I have a reluctance to lend stars or ratings (in any reviews). Two words may mark this for anyone like me who is a fan of his stand up (or remember his brief small screen leap in the ABC sitcom "Anything But Love" with Jamie Lee Curtis)---"Unexpected" and "Absorbing" He does repeat himself often as far as his addictions and faith. But for what he's been through (self-imposed hell as he'll say quote often), he's got every right to do so.
a hard read but worth it, I guess. kind of like a comics equivalent of fulfilling one or two or three of the steps in a 12-step recovery program, admitting lots of faults and apologies and so on. don't read it for laughs, it's about as funny as a Hubert Selby manifesto. and I tried to maybe take it in as an audio book and Lewis sounded like he was tired and almost in a daze.
A book about a comedian with alcoholism and how he overcame it. I learned more about addiction from this book than I ever knew before.

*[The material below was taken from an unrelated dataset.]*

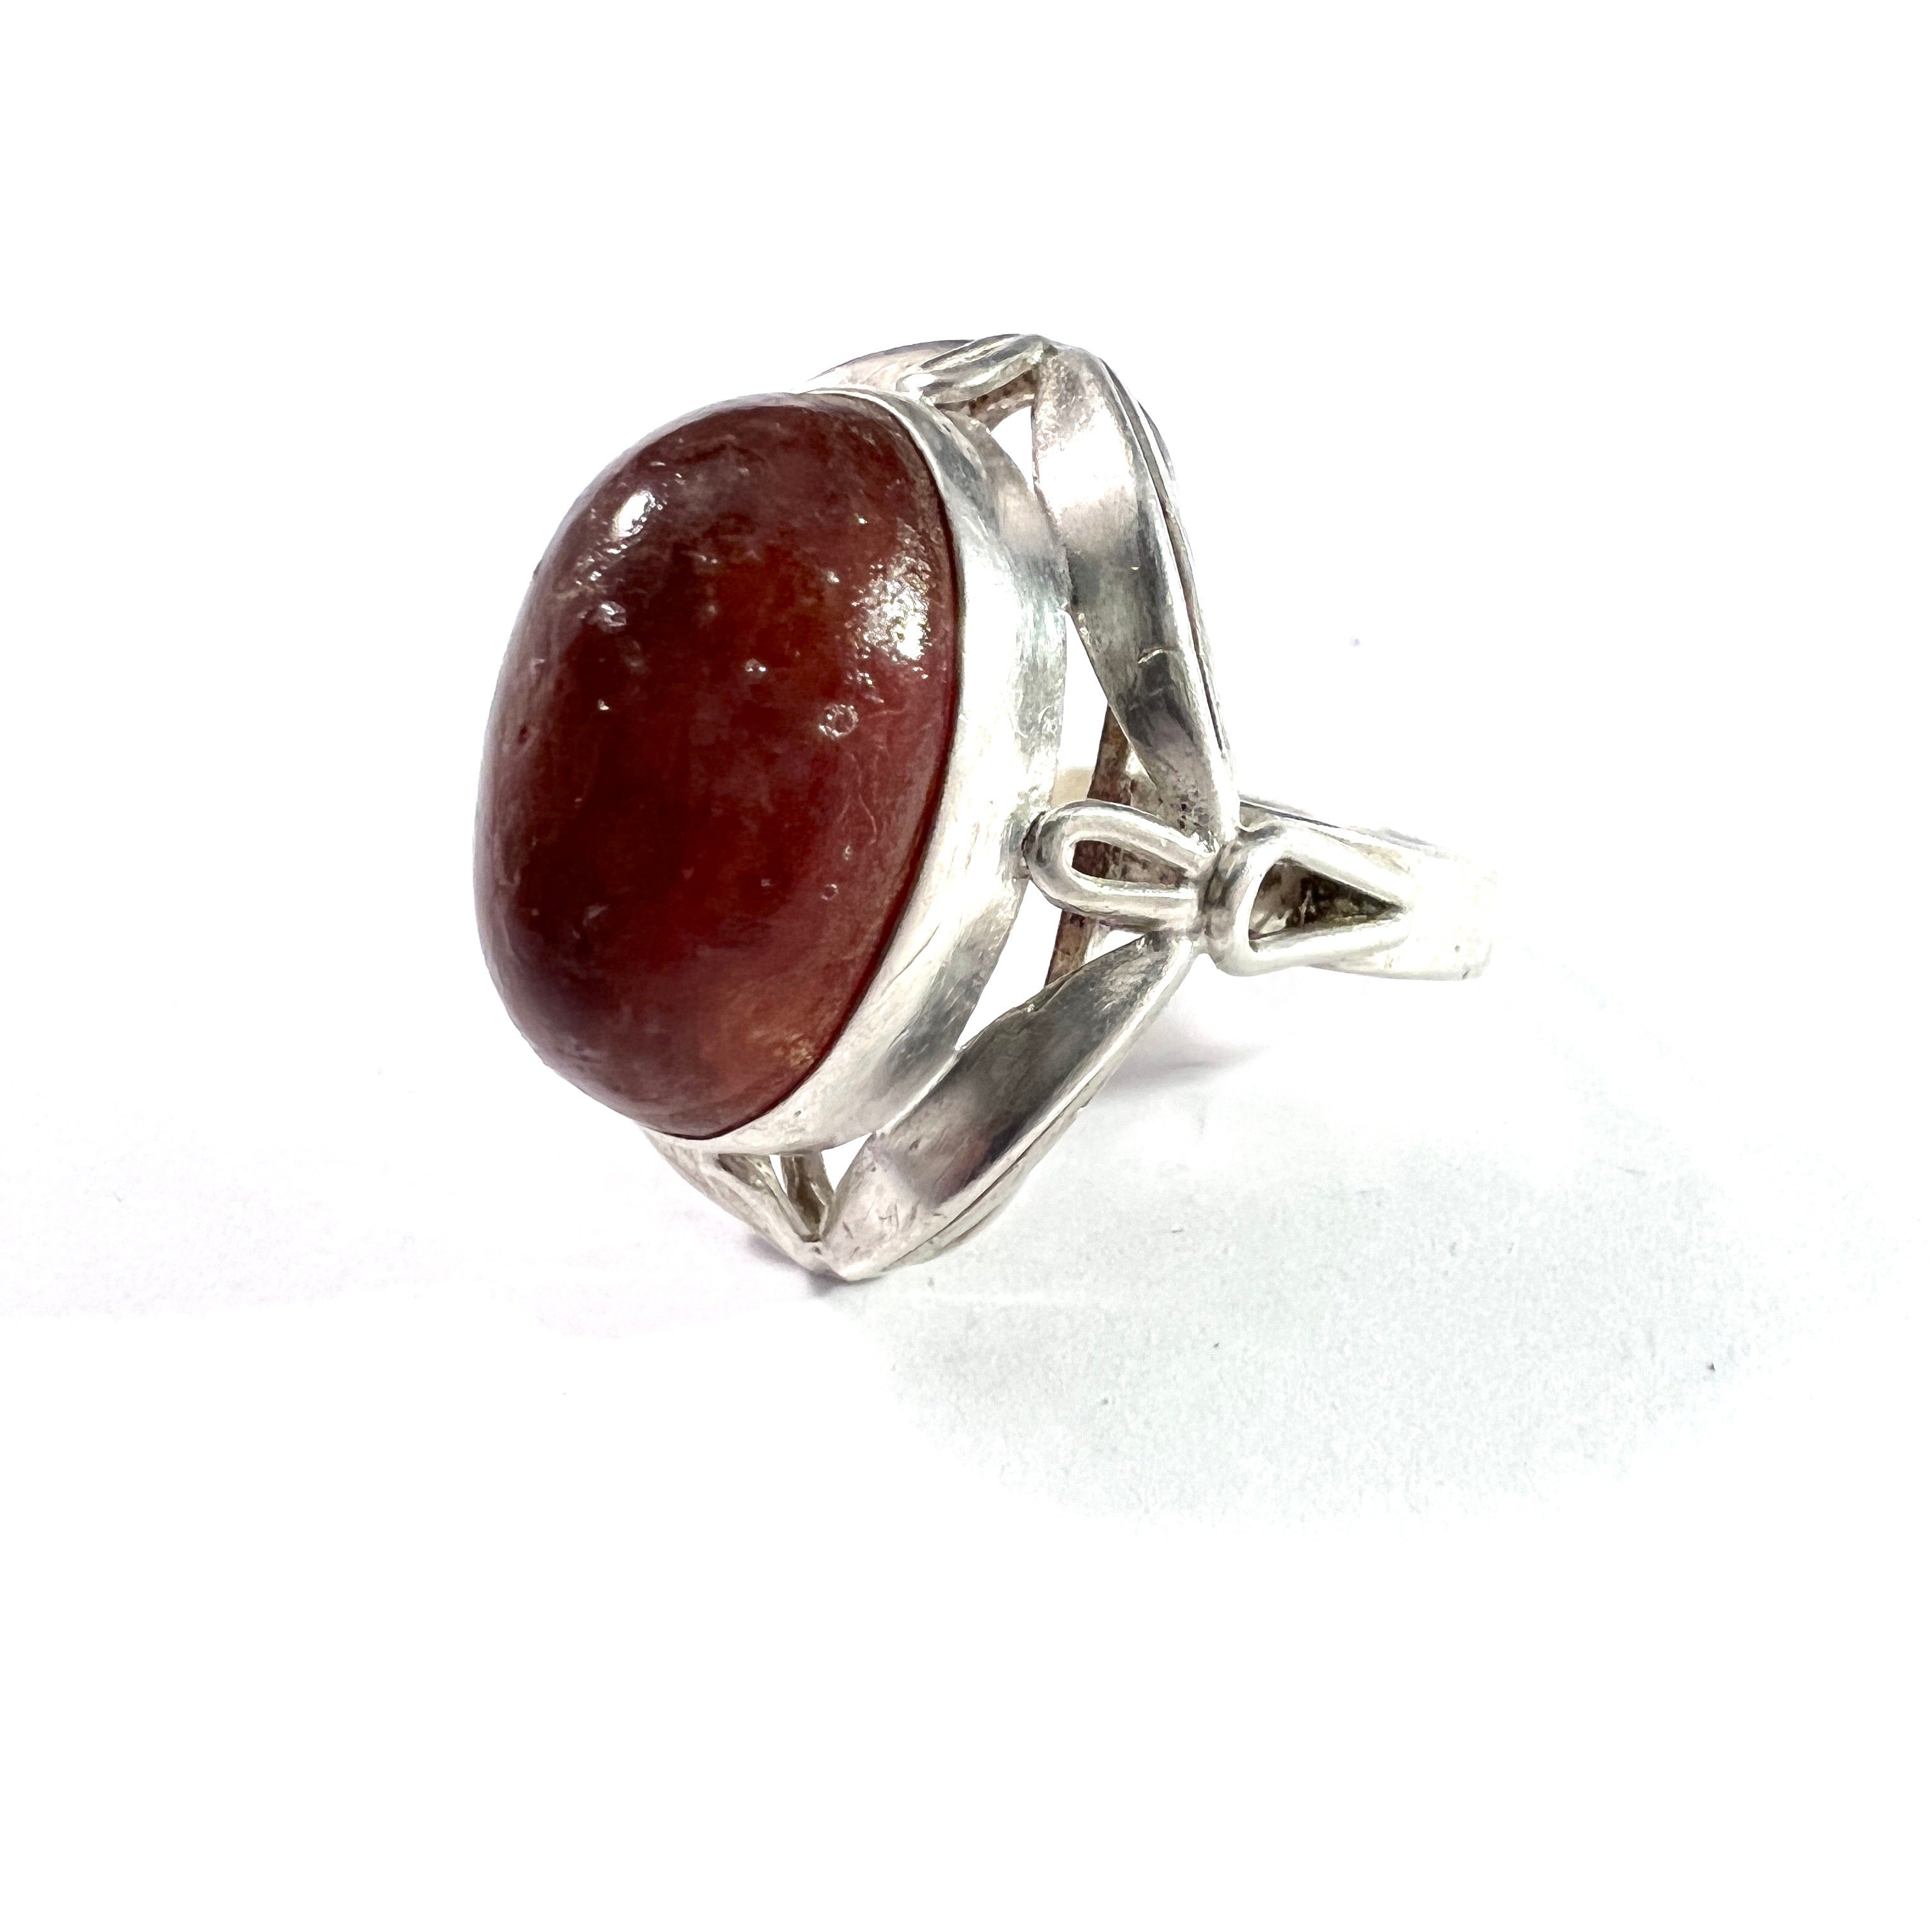 Wire Wrapped Ring Handmade Solid Sterling Silver Wire Wrap Amber Cabochon  Gemstone Statement Ring Great Gift Idea
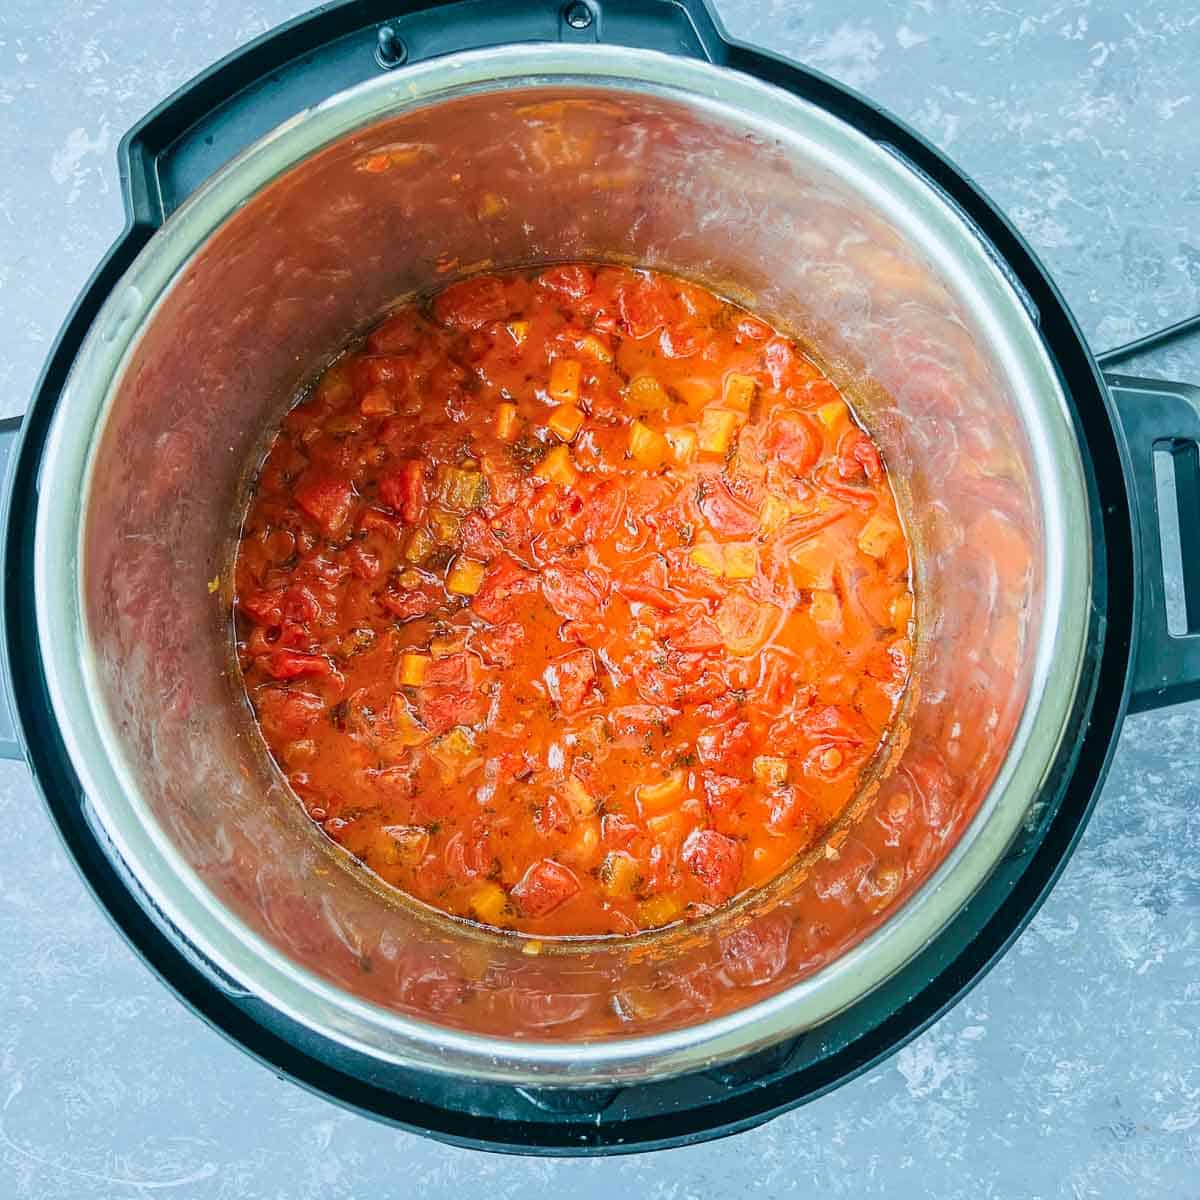 Pressure cooked soup in the Instant Pot.

Not an easy read but if you have an addicted friend it might help you in many ways understand them.
I like Richard Lewis but there's more of a history of his drinking and debauchery here than a book of comedy. This can be pretty bleak at times. It's still pretty interesting but it seems like this was more of a self-help initiative by Lewis than an actual book.
Richard's book THE OTHER GREAT DEPRESSION reminded me of 3 other books: How to Talk Dirty...by Lenny Bruce (but more confessional); The Catcher in the Rye (just as funny), & surprisingly Oscar Wilde's De Profundis (equally profound).
Good and heartfelt and sometimes funny, but repetitious and has no organizing principle. I learned that Richard Lewis is a recovering alcoholic, though -- about five thousand times!
It's not the best-written book, but he's got some funny lines, and he's so honest about how he became a wreck of an alcoholic, and how he returned from it, that it's worth a little bit of a slog.